Für einen Verfolgungsgrund und damit die Anerkennung als Flüchtling kann es nach Art. 10 Abs. 1d der Anerkennungsrichtlinie 2011/95 reichen, dass man einer "bestimmten sozialen Gruppe" angehört. Der österreichische Verwaltungsgerichtshof hatte im Falle des Afghanen den EuGH um Auslegung der Flüchtlingseigenschaft gebeten.
"Eine internationalen Schutz beantragende Person, der in ihrem Herkunftsland Blutrache droht, weil sie einer Familie angehört, die in einen Streit vermögensrechtlicher Natur verwickelt ist, [kann] nicht allein aus diesem Grund als einer 'bestimmten sozialen Gruppe' zugehörig betrachtet werden", entschied der EuGH (Urteil vom 27.03.2025 - C-217/23).
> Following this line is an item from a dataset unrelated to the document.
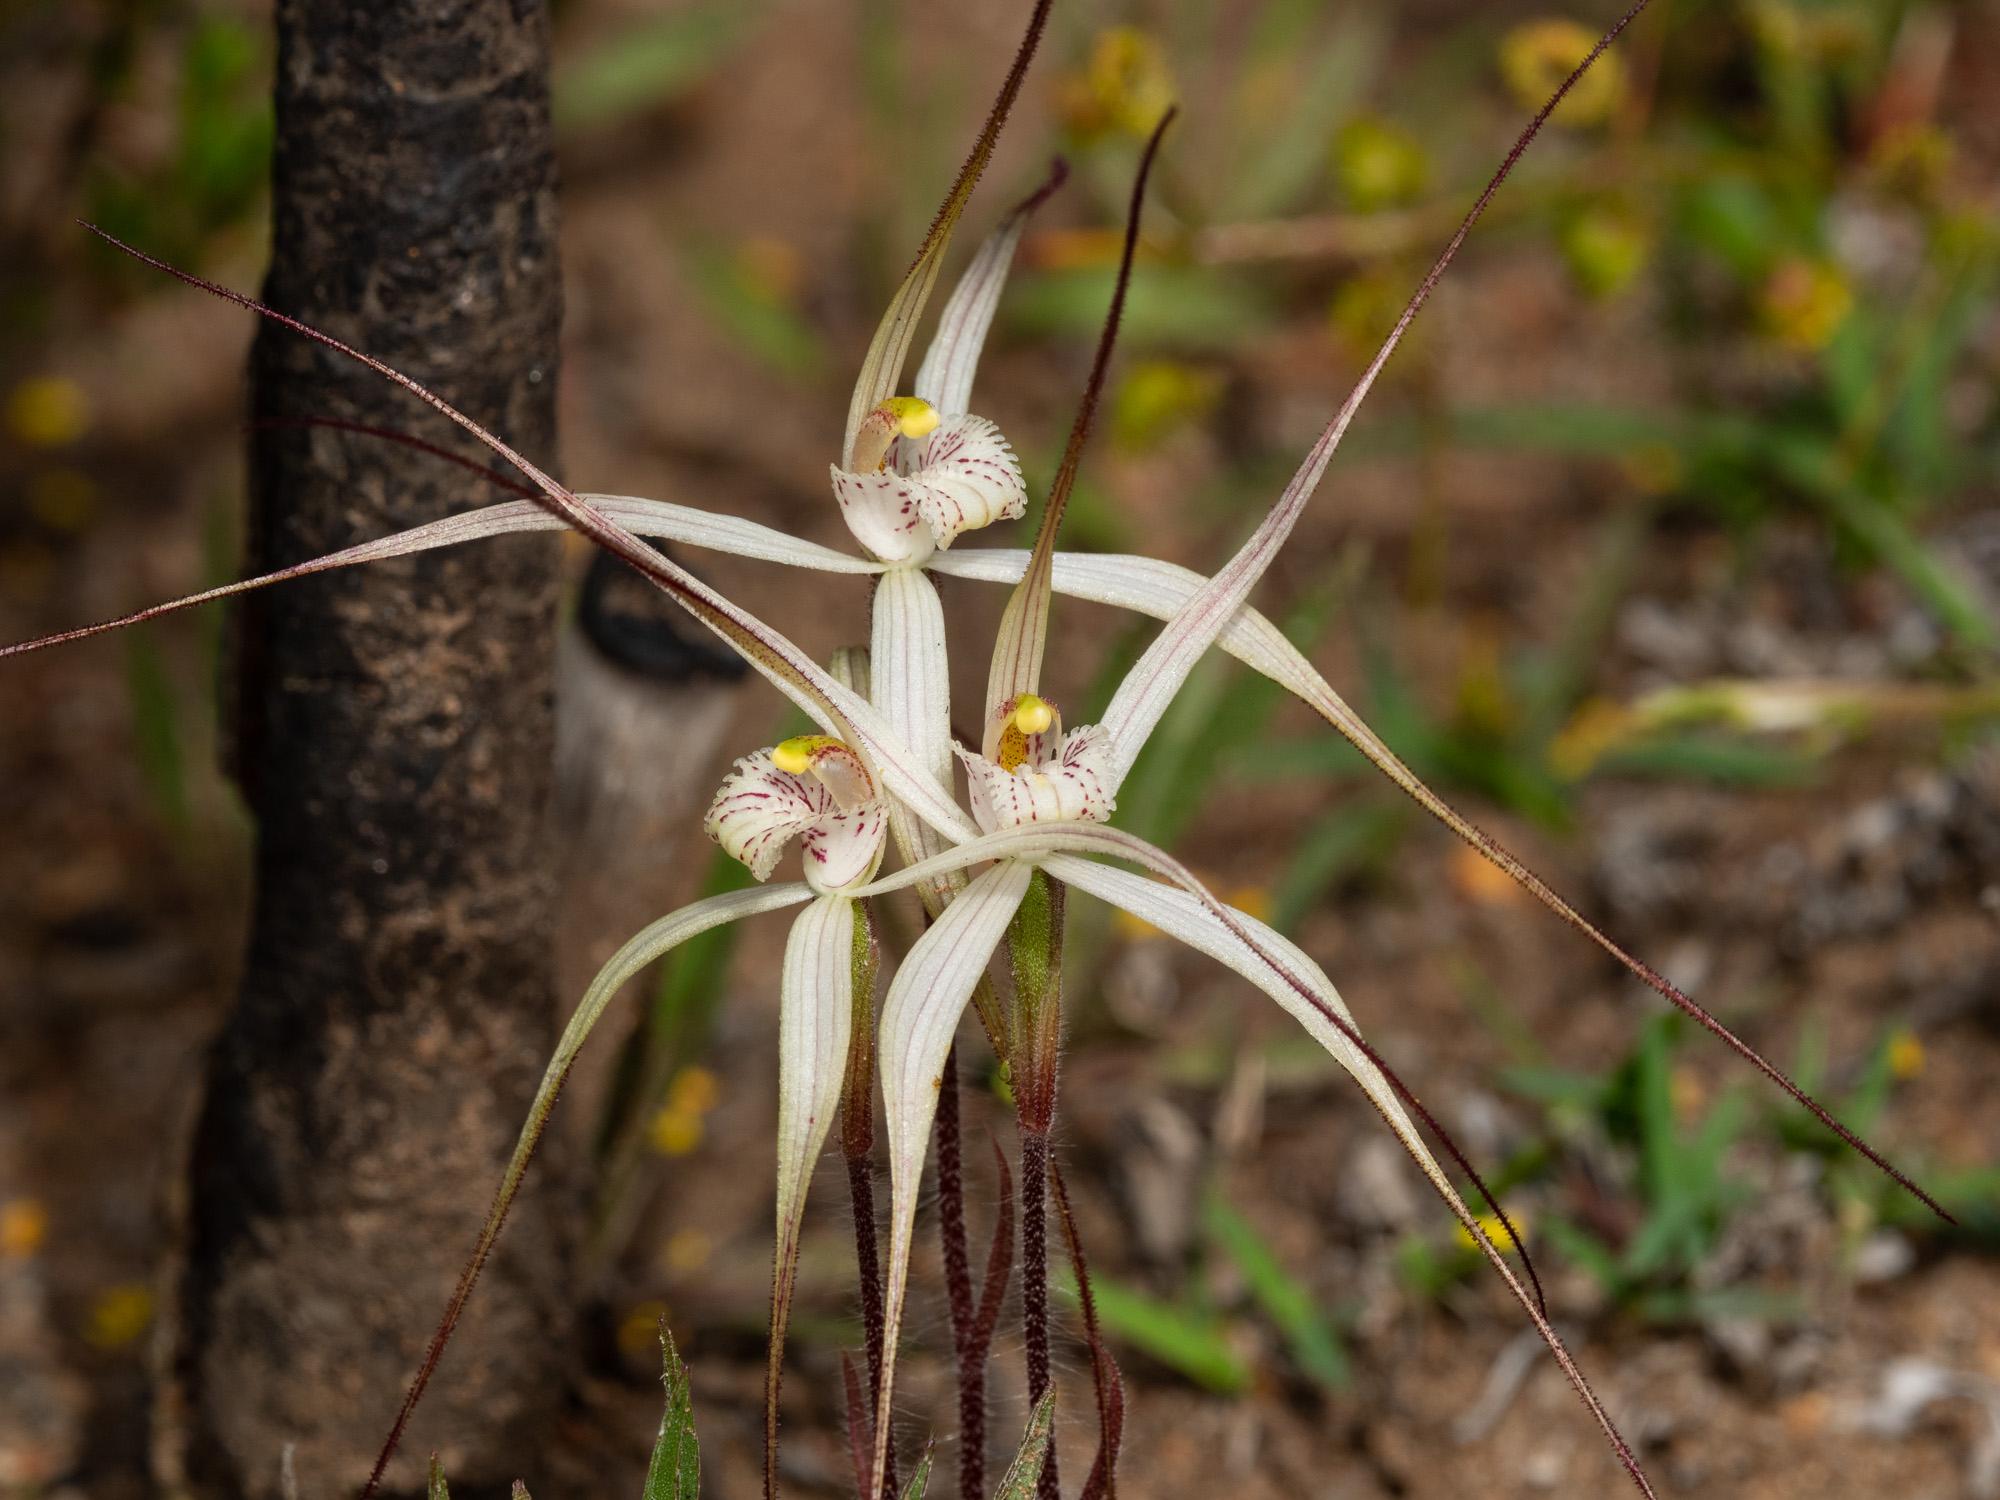 Caladenia microchila (Western Whispy Spider Orchid)

Es lägen keine Anhaltspunkte dafür vor, dass die Person im Herkunftsland nicht nur von den in die Blutfehde verwickelten Familien, sondern auch von der sie umgebenden Gesellschaft insgesamt als andersartig betrachtet werde.
Soziale Gruppe: Muss für die Gesellschaft andersartig sein
Laut EuGH kommt es für die Flüchtlingseigenschaft aus diesem Grund darauf an, dass eine Gruppe insbesondere aufgrund sozialer, moralischer oder rechtlicher Normen im Herkunftsland an den Rand der sie umgebenden Gesellschaft gedrängt werde. Anhaltspunkte dafür könnten Diskriminierungen, Ausschließungen oder Stigmatisierungen sein.
Dass Menschen in ihrem Herkunftsland in der Gefahr leben müssen, dass sie oder bestimmte Mitglieder ihrer Familie wegen einer Blutfehde, die aus einem Vermögensstreit entstanden ist, körperlich angegriffen oder getötet werden, begründe daher keine Flüchtlingseigenschaft.
Anerkennung als Flüchtling nicht erfüllt: Subsidiärer Schutz
Im Fall des Afghanen müsste in Österreich jedoch noch geprüft werden, ob er einen Anspruch auf subsidiären Schutz hat. Den können Menschen haben, die zwar die Voraussetzungen für die Anerkennung als Flüchtling nicht erfüllen, aber stichhaltige Gründe dafür vorbringen können, dass sie bei einer Rückkehr in ihr Herkunftsland tatsächlich Gefahr laufen würden, einen ernsthaften Schaden zu erleiden. Dabei geht es um sehr ernsthafte "Schäden" wie die Todesstrafe oder Hinrichtung, Folter oder unmenschliche oder erniedrigende Behandlung oder auch die Bestrafung eines Antragstellers im Herkunftsland. Dabei darf man den Schutz dieses Landes nicht in Anspruch nehmen können oder - wegen dieser Gefahr - nicht in Anspruch nehmen wollen.
Für diesen subsidiären Schutz, betont der EuGH, werde nicht danach unterschieden, ob der Schaden auf einen staatlichen oder nichtstaatlichen Verantwortlichen zurückgeht. Eine tatsächliche Drohung gegen die antragstellende Person, durch einen Verwandten oder Angehörigen der Gemeinschaft getötet zu werden oder andere Gewalttaten zu erleiden, reiche aus. Ganz unabhängig davon, warum diese Gewalt im Raum steht.